05/06/2020
25 hours, pitocin, penicillin, partially-failed epidural, 2.5 hours of pushing, 3rd degree tearing, a catheter for 24 hrs afterwards.
But also: an amazing doula who massed my “window” and did everything she could with positioning to fight for my pain control.
But also: an incredible night nurse who listened to me so well, cared for me with grace, cried with me as my husband played “This Is Me” over the speakers 10 times, washed my newborn’s hair with gentleness unparalleled, and wheeled me to the recovery room with such care and dignity.
But also: a midwife who fought for me and for my son, who cheered me on through seemingly endless pushing, who called in reinforcements when she knew she couldn’t do this alone, who cried with me 2 weeks later at my follow up appointment as we debriefed how hard my labor was for both of us.

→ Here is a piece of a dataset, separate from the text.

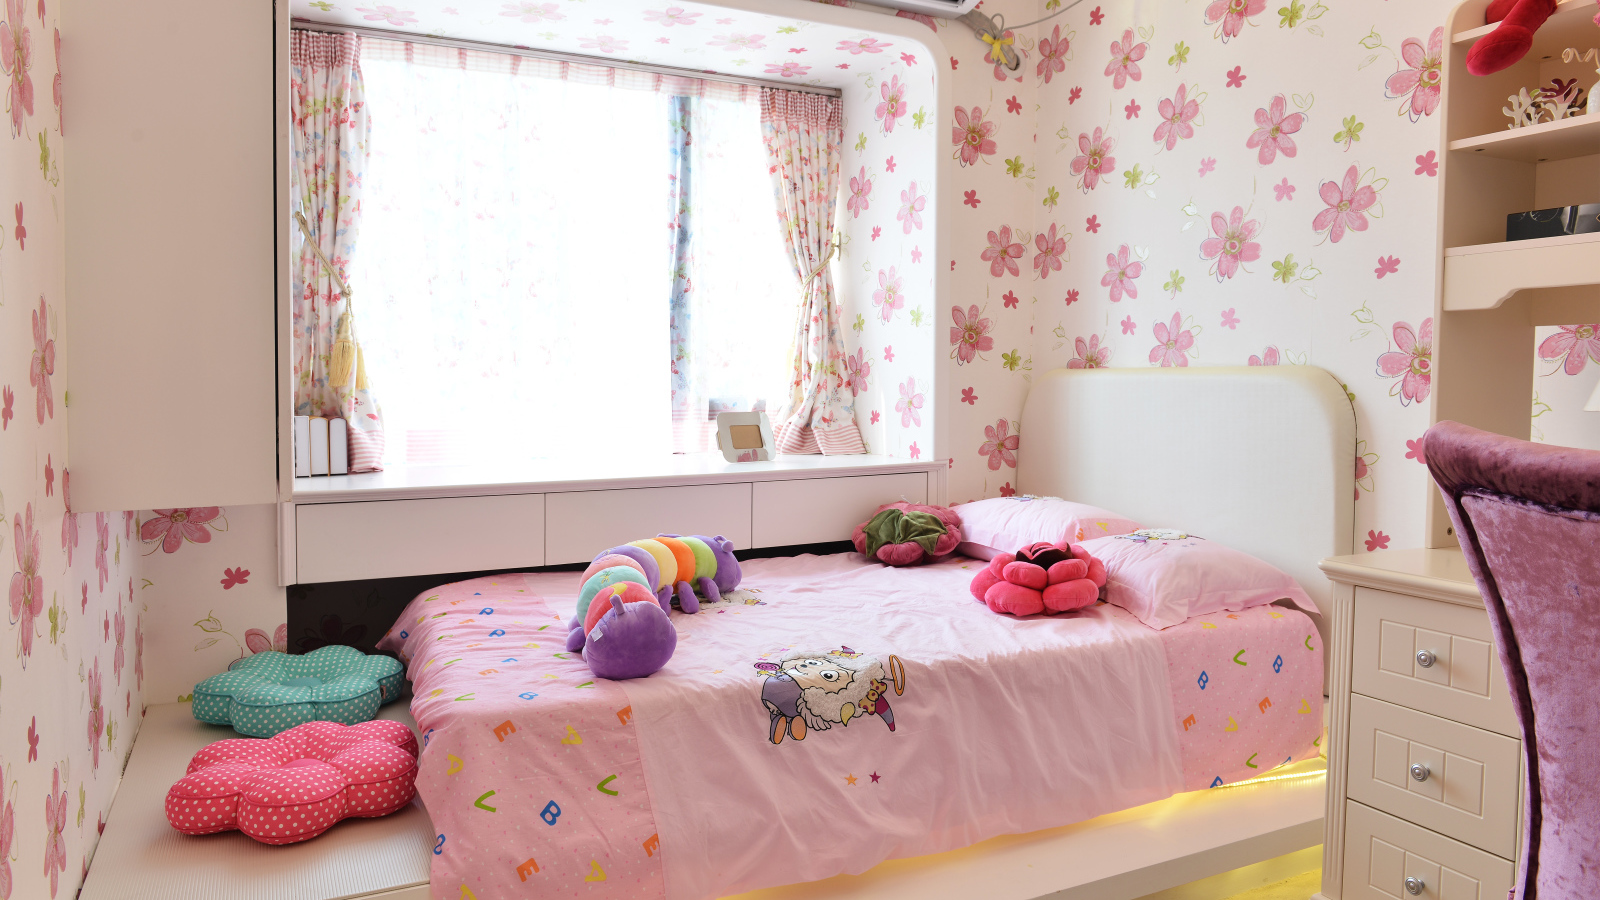 Красивая детская комната с игрушками и стенами в цветах

But also: a husband who was there for every moment, even though he would say he felt helpless and so unsure, who put together an amazing playlist that I didn’t even think I would need, who stayed strong for me, right beside me the whole time, in a room full of women who took charge and carried me through.
Birth stories matter. Your journey matters. It wasn’t until I sat with my midwife two weeks later, both of us crying because of the trauma we had experienced together, that it really hit me: my labor had been REALLY hard. My baby had been sunny-side-up and very stuck for a very long time. My pain control was poor and I begged to give up so many times. As the doctor stitched me up she kept saying “oof, I’m going to need another pack of sutures” and “I wouldn’t look down here for a while if I were you.” It was traumatic. All of it. My son came out with a head so incredibly misshapen that the nurse covered it with a hat within 30 seconds saying “don’t worry, that should go down in the next 24 hours, no need to look at it now.” I cut my own cord. I was terrified to p*e.
I still cry sometimes when I really sit with my birth story. It was the hardest thing I’ve ever done.
As we continue to walk through week, I want to encourage you to sit with your birth story.
What feelings does it bring up? Are you surprised?
If you gave birth to your baby, how does your body feel when you think about your birth story?
If you adopted your baby, what is your story of being birthedas a mother? What were your feelings on that first day?